GFNIN

This function evaluates the inverse of a general continuous cumulative distribution function given in a subprogram.

Function Return Value

GFNIN — The inverse of the function F at the point P. (Output)
F(GFNIN) is “close” to P.

Required Arguments

F — User‑supplied FUNCTION to be inverted. F must be continuous and strictly monotone. The form is F(X), where
X — The argument to the function. (Input)
F — The value of the function at X. (Output)
F must be declared EXTERNAL in the calling program.

P — The point at which the inverse of F is desired. (Input)

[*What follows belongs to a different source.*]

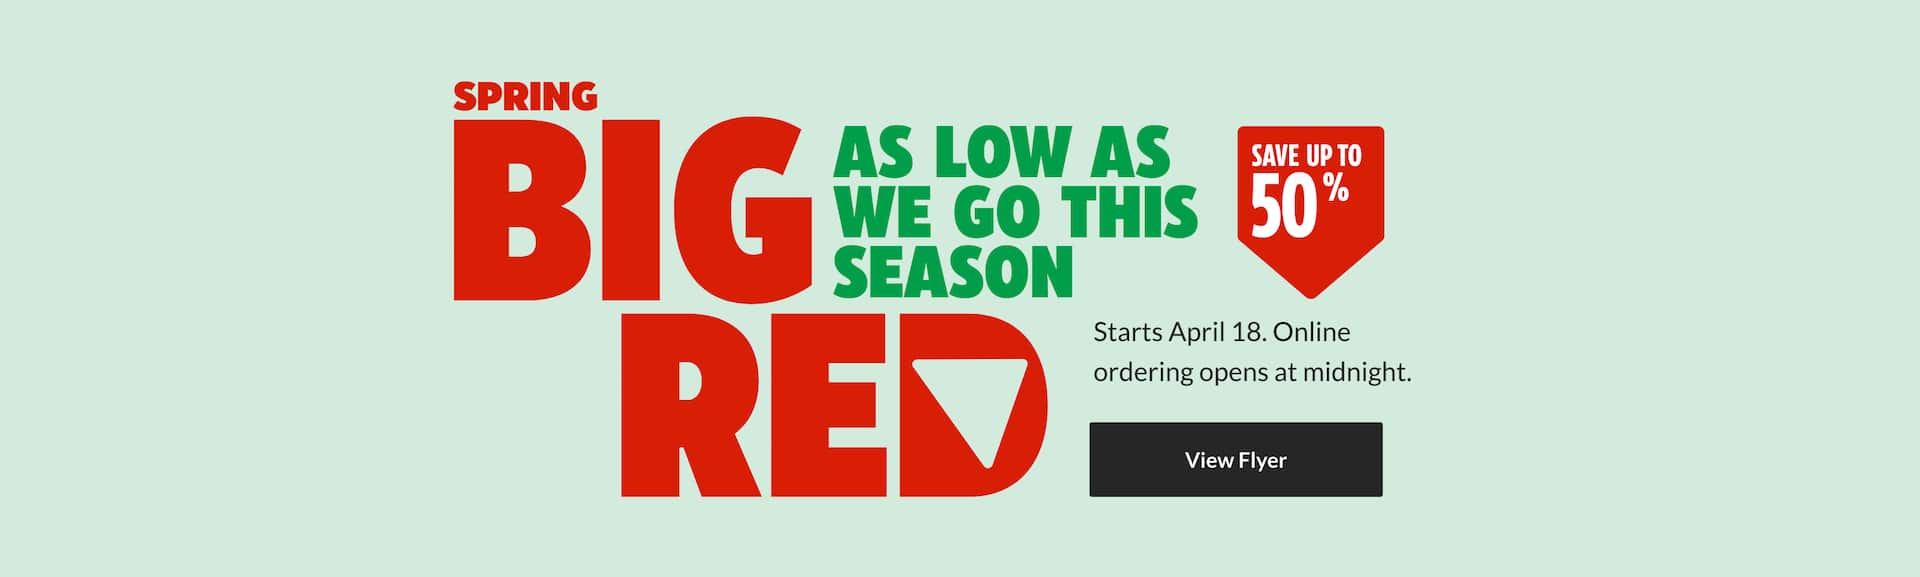 Preview our Spring Big Red Event flyer

GUESS — An initial estimate of the inverse of F at P. (Input)

Optional Arguments

EPS — Convergence criterion. (Input)
When the relative change in GFNIN from one iteration to the next is less than EPS, convergence is assumed. A common value for EPS is 0.0001. Another common value is 100 times the machine epsilon.
Default: EPS = 100 times the machine epsilon.

FORTRAN 90 Interface

Generic: GFNIN (F, P, GUESS [])

Specific: The specific interface names are S_GFNIN and D_GFNIN.

FORTRAN 77 Interface

Single: GFNIN (F, P, EPS, GUESS)

Double: The double precision name is DGFNIN.

Description

Function GFNIN evaluates the inverse of a continuous, strictly monotone function. Its most obvious use is in evaluating inverses of continuous distribution functions that can be defined by a FORTRAN function. If the distribution function cannot be specified in a FORTRAN function, but the density function can be evaluated at a number of points, then routine GCIN can be used.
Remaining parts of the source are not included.